Covariance: Covariance is primarily used to understand the direction of the linear relationship between two variables. However, its unstandardized nature makes it less suitable for comparing relationships across different datasets or variables with different units of measurement.

Correlation: Correlation is widely used in statistical analysis because of its standardized and interpretable nature. It helps assess the strength and direction of linear relationships and allows for comparisons across different datasets and variables. Common correlation coefficients include Pearson's correlation coefficient (for linear relationships), Spearman's rank correlation coefficient (for monotonic relationships), and others.

Q11. What is the formula for calculating the sample mean? Provide an example calculation for a dataset

Sample Mean (X̄) = ΣX / N

In [7]:
Data =  [85, 92, 78, 88, 95, 89, 76, 90, 82, 94]
# ΣX = 85 + 92 + 78 + 88 + 95 + 89 + 76 + 90 + 82 + 94 = 869
#N =10

#X̄ = ΣX / N = 879 / 10 = 86.9
np.mean(Data)

86.9

Q12. For a normal distribution data what is the relationship between its measure of central tendency

In a normal distribution (also known as a Gaussian distribution or bell curve), there is a specific relationship between its measures of central tendency, which include the mean, median, and mode. 

Mean (Average): In a normal distribution, the mean is located exactly at the center of the distribution. This means that the mean is equal to the median and the mode.

Median: The median in a normal distribution is also located at the center of the distribution, just like the mean. Therefore, the median is equal to the mean and the mode.

Mode: In a normal distribution, the mode is the same as the mean and the median, and they all coincide at the peak or center of the distribution.

In Short for a normal distribution:

Mean = Median = Mode
This relationship is a fundamental property of the normal distribution and is a result of its symmetric and bell-shaped nature. It means that the central tendency measures are all equal and located at the same point in the distribution, making them useful for describing the typical or central value in normally distributed data.

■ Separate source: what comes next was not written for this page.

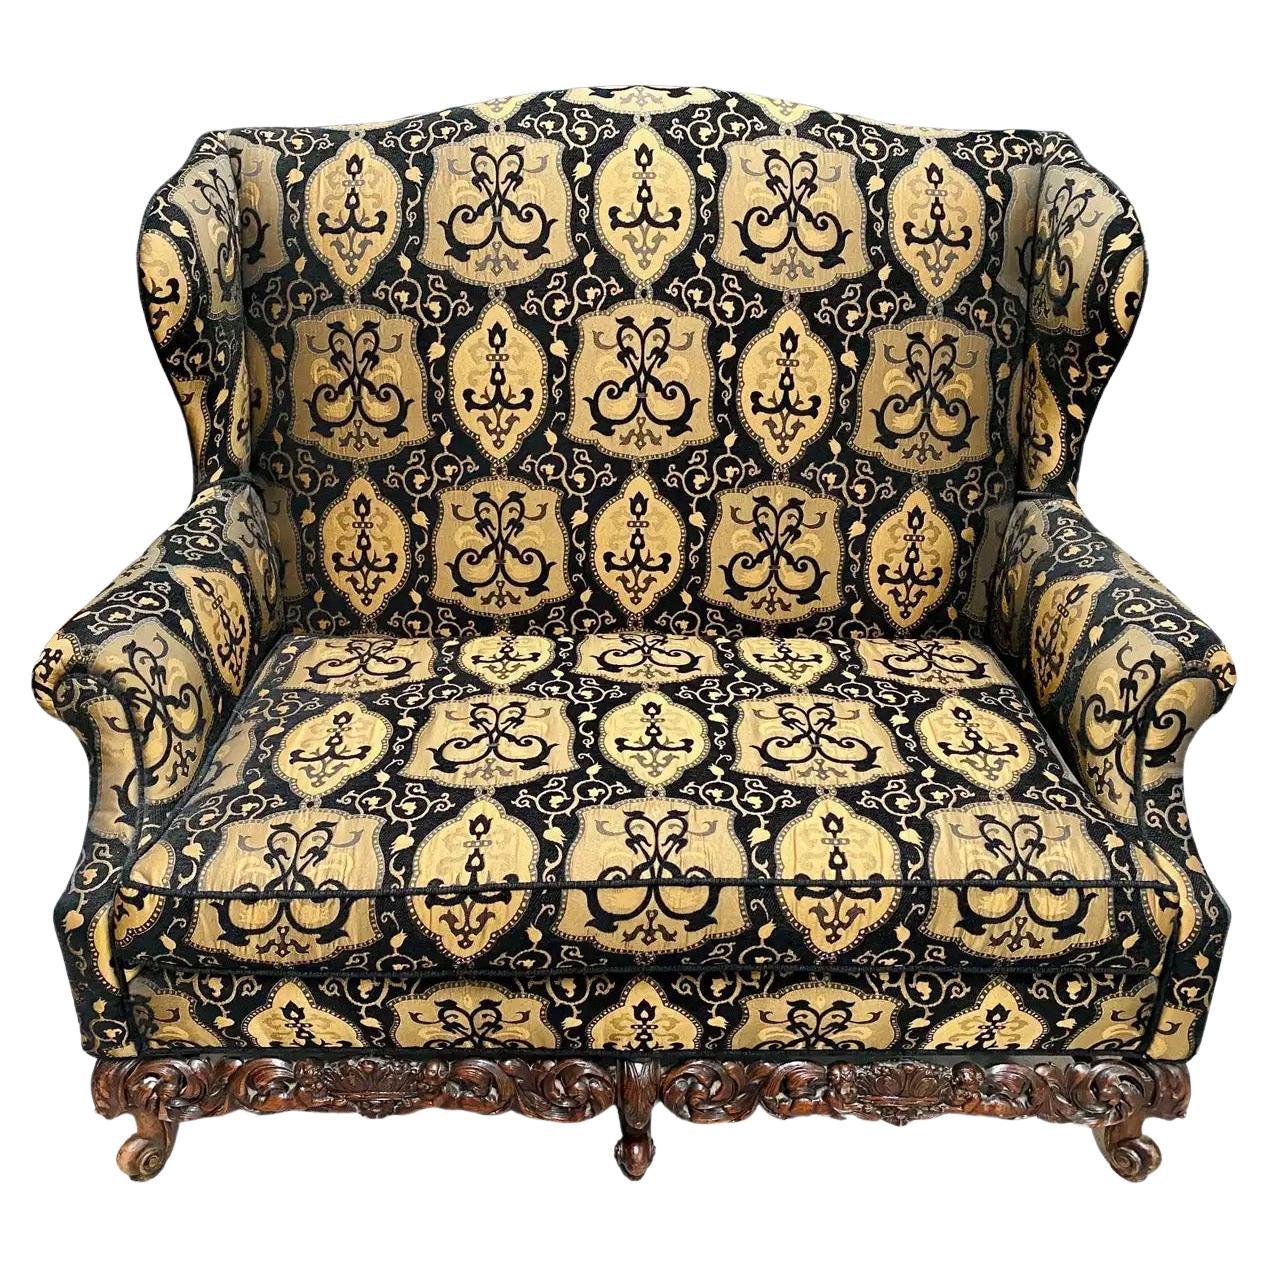 Italian Rococo Revival Style Settee or Sofa with Heraldic Motif in Black & Beige For Sale

Q13. How is covariance different from correlation?

### Definition:

Covariance: Covariance measures the degree to which two variables change together. It indicates the direction of the linear relationship between the variables, whether they move in the same direction (positive covariance) or in opposite directions (negative covariance).
Correlation: Correlation is a standardized measure of the strength and direction of the linear relationship between two variables. It quantifies the degree to which the variables are related and scales the relationship to a range between -1 and 1.

### Range:

Covariance: Covariance can take any real value, which makes it challenging to interpret its magnitude. It depends on the units of the variables.
Correlation: Correlation values range from -1 to 1. A correlation of 1 indicates a perfect positive linear relationship, -1 indicates a perfect negative linear relationship, and 0 indicates no linear relationship.

### Unit of Measurement:
Covariance: The unit of covariance is the product of the units of the two variables (e.g., square units if both variables are in square units).
Correlation: Correlation is a unitless measure, making it easier to compare relationships across different datasets or variables with different units.

### Standardization:

Covariance: Covariance is not standardized, so its magnitude can vary widely depending on the scale of the variables. This makes it difficult to compare covariances between different datasets.
Correlation: Correlation is standardized, making it suitable for comparing relationships across different datasets. It provides a consistent measure of the strength and direction of the linear relationship.

### Interpretation:

Covariance: A positive covariance indicates a positive relationship, and a negative covariance indicates a negative relationship. However, the magnitude of covariance is not easily interpretable in isolation.
Correlation: Correlation is easier to interpret because it provides a standardized measure. Positive correlation values indicate a positive linear relationship, negative values indicate a negative linear relationship, and the magnitude indicates the strength of the relationship.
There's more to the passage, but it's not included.